__What is required__: Reproduce the listing below exactly. Pictures do not belong in the copy.

__Given information__:
+--
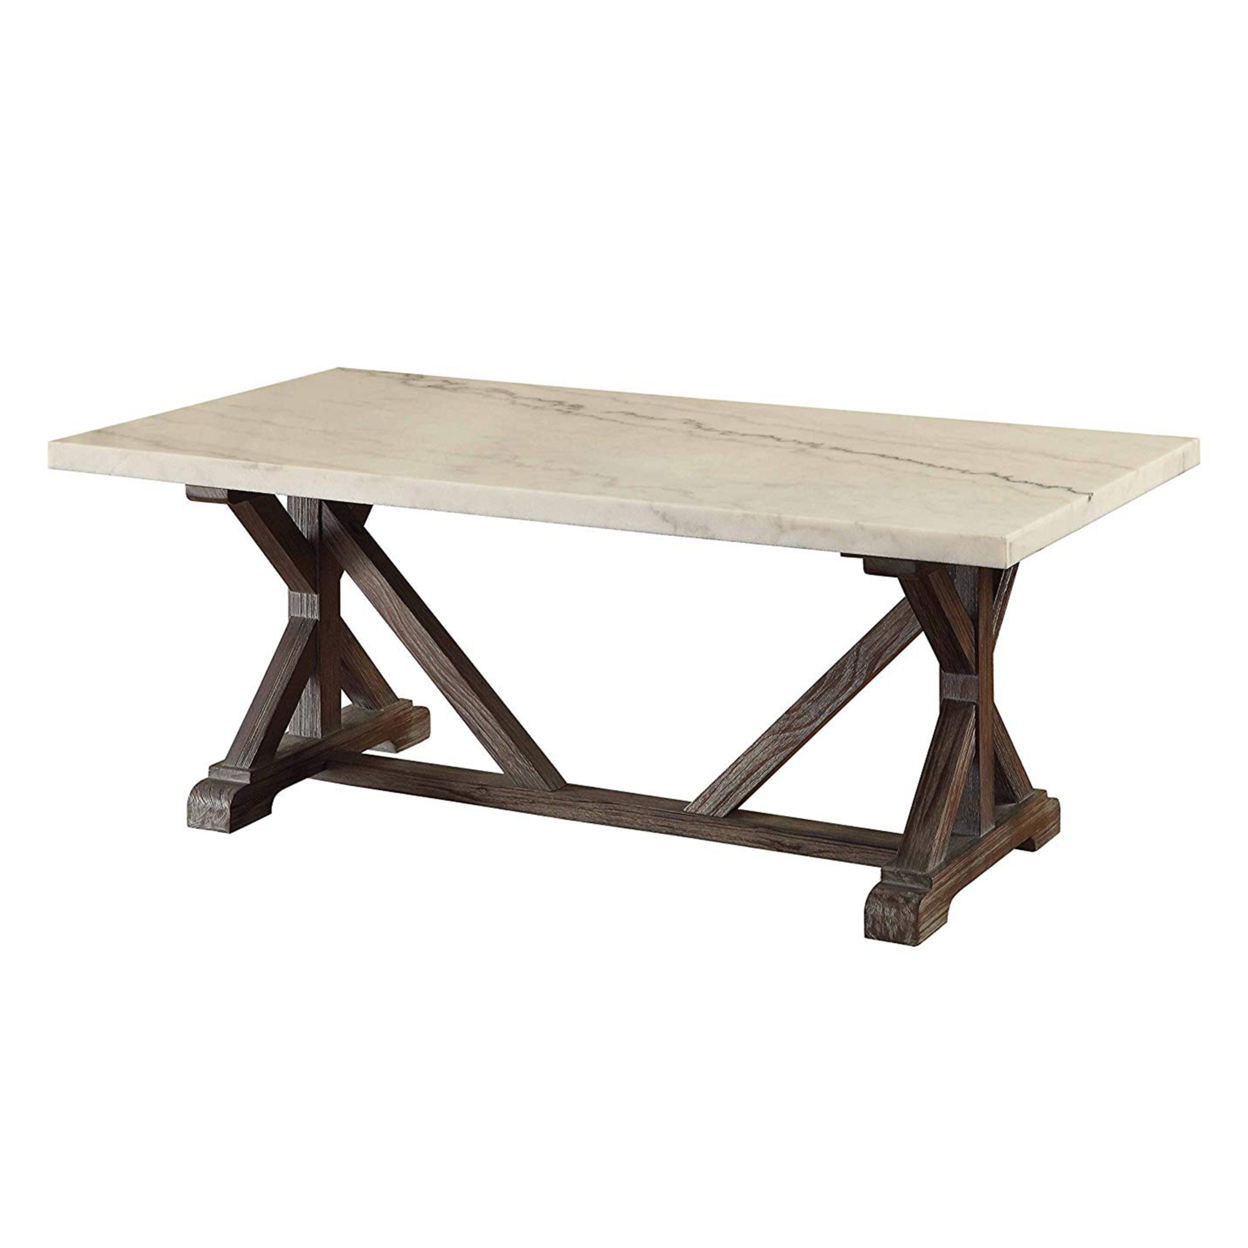 Marble Rectangle Shaped Coffee Table With Wooden Trestle Base, White And Espresso Brown- ACME
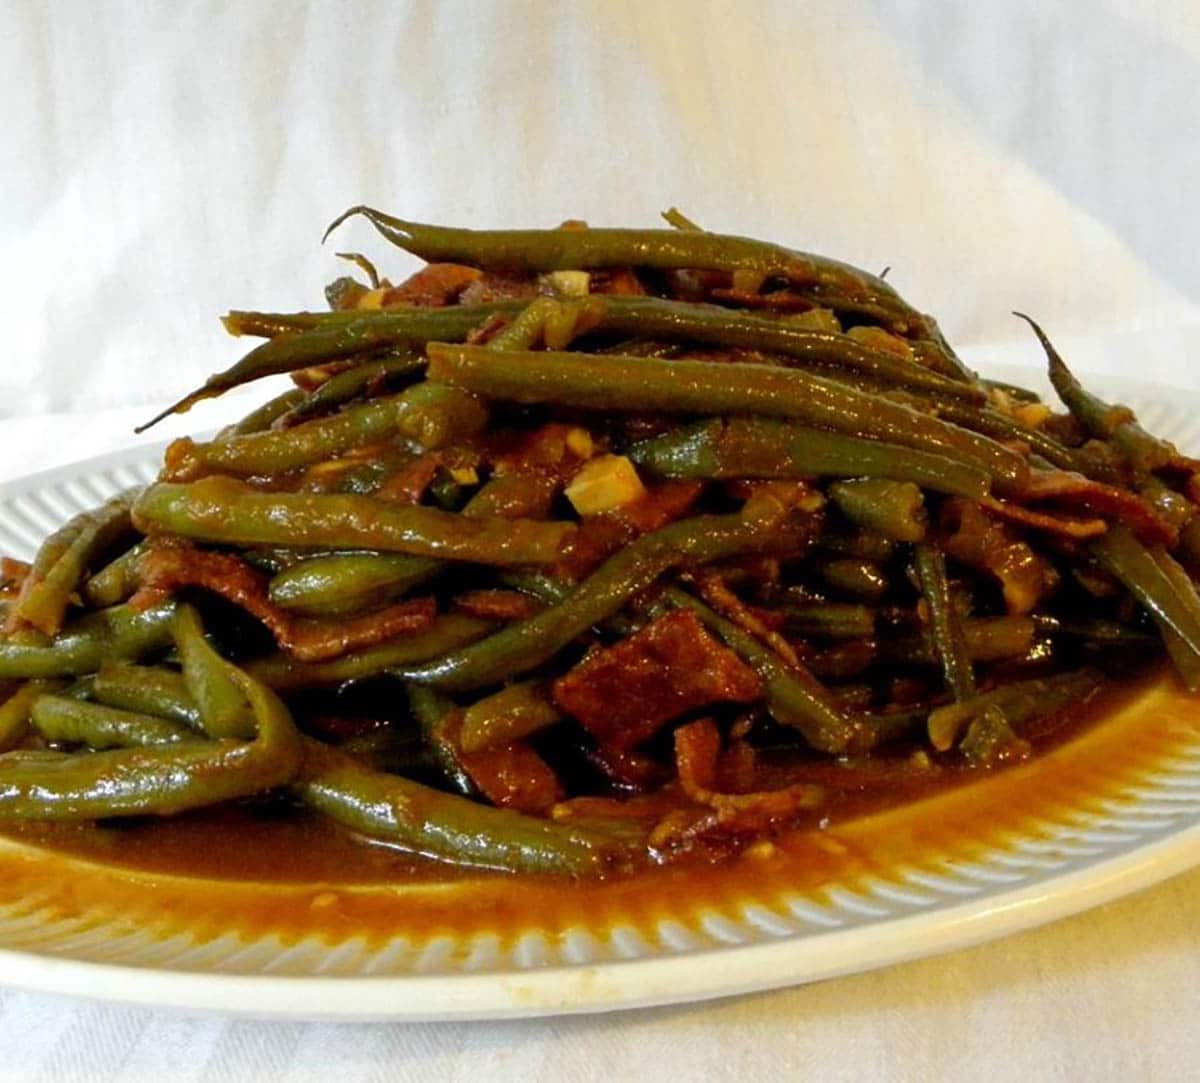 Green Beans with bacon, tomato sauce, and cayenne pepper 
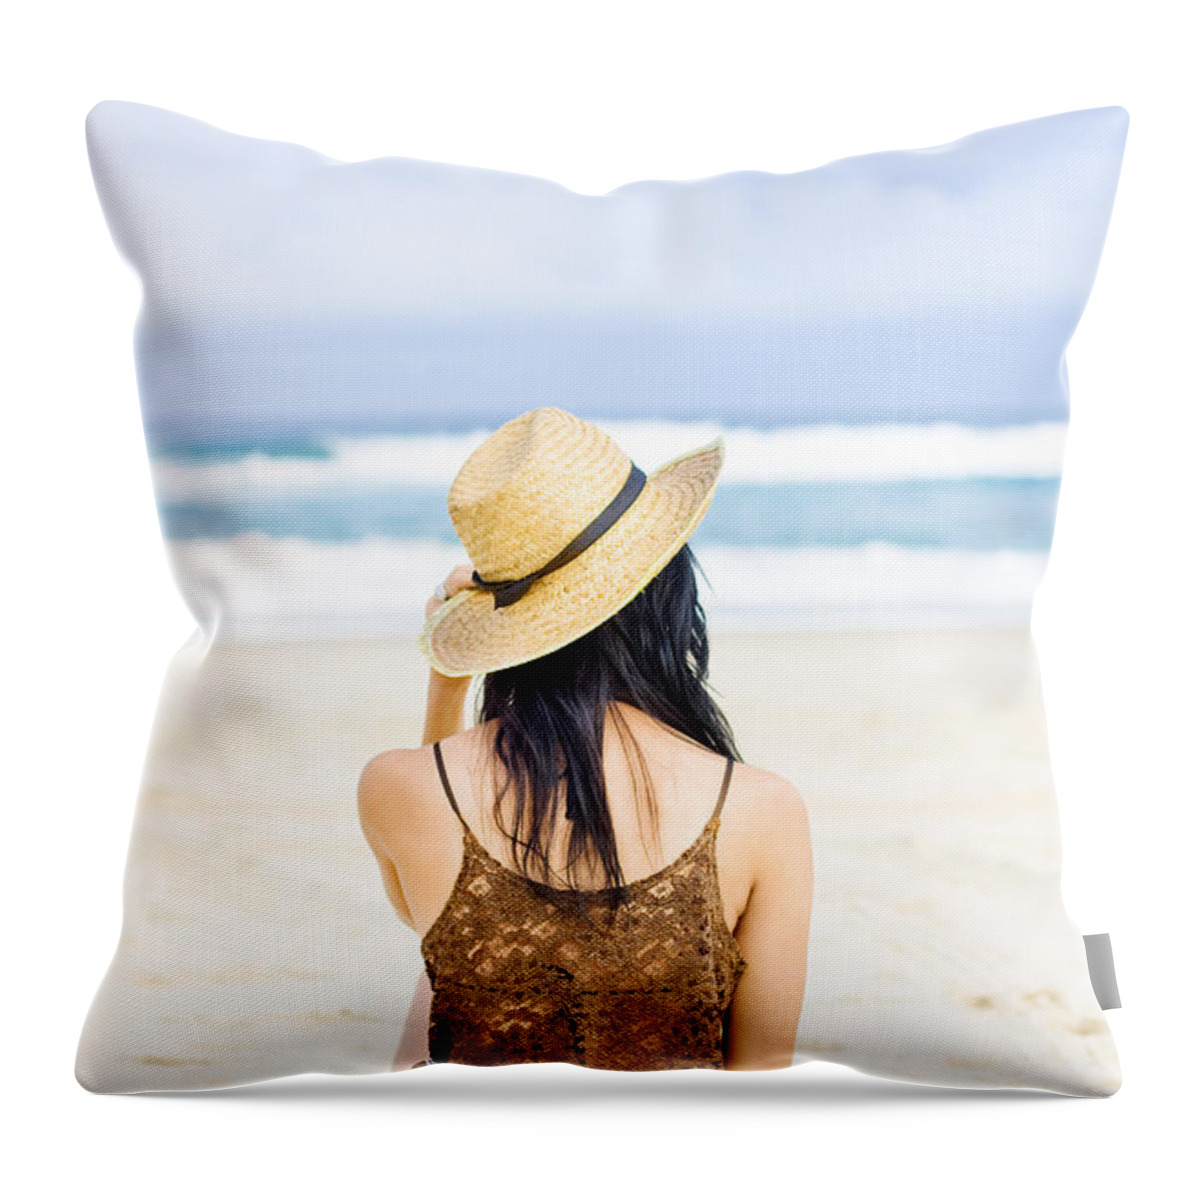 Beach Throw Pillow featuring the photograph Gazing Out At The Ocean by Jorgo Photography
+--
__Task response__:
 Marble Rectangle Shaped Coffee Table With Wooden Trestle Base, White And Espresso Brown- ACME
 Green Beans with bacon, tomato sauce, and cayenne pepper 
 Beach Throw Pillow featuring the photograph Gazing Out At The Ocean by Jorgo Photography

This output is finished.